Shawn Singh: Thank you, Mark, and good afternoon, everyone, and thanks for joining our call. As I’ve said before, many times, our team has remained steadfast in our core mission, which is to radically improve the mental health and well-being of millions of individuals around the world who are suffering from a wide variety of anxiety, depression and other CNS disorders that severely disrupt their daily lives. And as we’ve recently announced, we’ve solidified a major cornerstone in that mission focused on improving the lives of the over 25 million individuals in America who are affected by social anxiety disorder or SAD. There’s indeed an active and growing need for a new faster-acting option for treatment of SAD without abuse potential or the side effects and safety concerns that often are associated with the currently approved medicines.

We remain focused on addressing this significant unmet health – mental health need for individuals across a broad range of demographics and in a diverse range of communities across the globe.

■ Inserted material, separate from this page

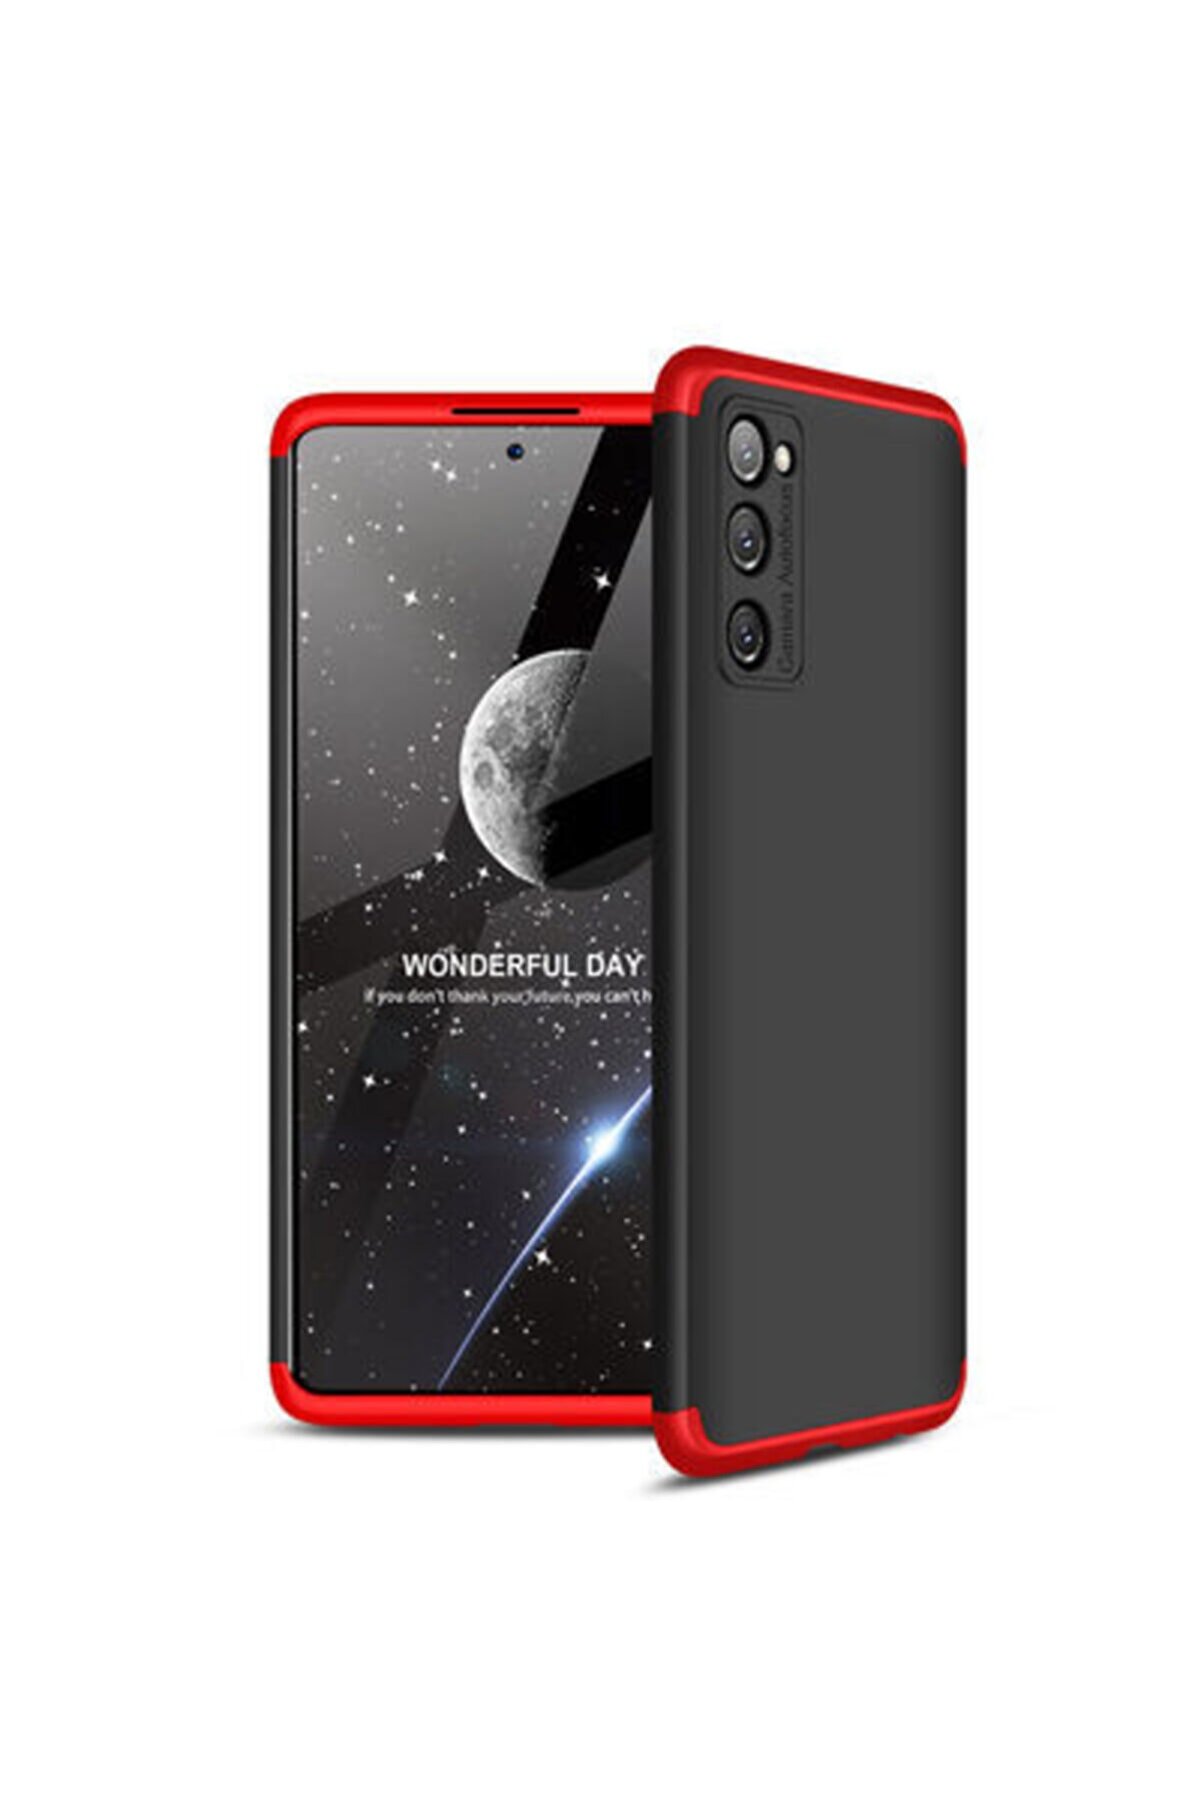 Fibaks Galaxy S20 Fe Kılıf 3 Parçalı 360 Korumalı Premium Sert Kapak

We’re committed to innovation of multiple differentiated treatments in alignment with our mission to shift the treatment paradigm for anxiety, depression and multiple other CNS disorders. So a lot’s changed since our last conference call, and let’s get right to the biggest news in our company’s history. It’s been a long time since a positive Phase 3 study has brought in new optimism for treatment of social anxiety disorder, and we are thrilled to be in a leadership position with the compelling top line results from our Phase 3 PALISADE-2 trial that were announced on Monday.

These Phase 3 results highlight the potential for fasedienol with its innovative proposed mechanism of action to transform what’s possible for millions of individuals living with SAD in the U.S. and millions more who are affected worldwide. In the PALISADE-2 study, fasedienol demonstrated a rapid and clinically meaningful reduction in the subjective units of distressed score or SUDS, SUDS score, indicating that a single administration of fasedienol has the potential to reduce rapidly anxiety symptoms during an anxiety-provoking situation similar to perhaps how a rescue inhaler used on-demand helps a person with asthma. To recap, this was a U.S. multicenter, randomized, double-blind, placebo-controlled Phase 3 trial consisting of four visits by subjects to a clinic that were spaced out a week apart, a screening visit, a baseline setting public speaking challenge after administration of a placebo nasal spray, a second public speaking challenge where patients were randomized to either fasedienol or placebo, then a follow-up safety visit.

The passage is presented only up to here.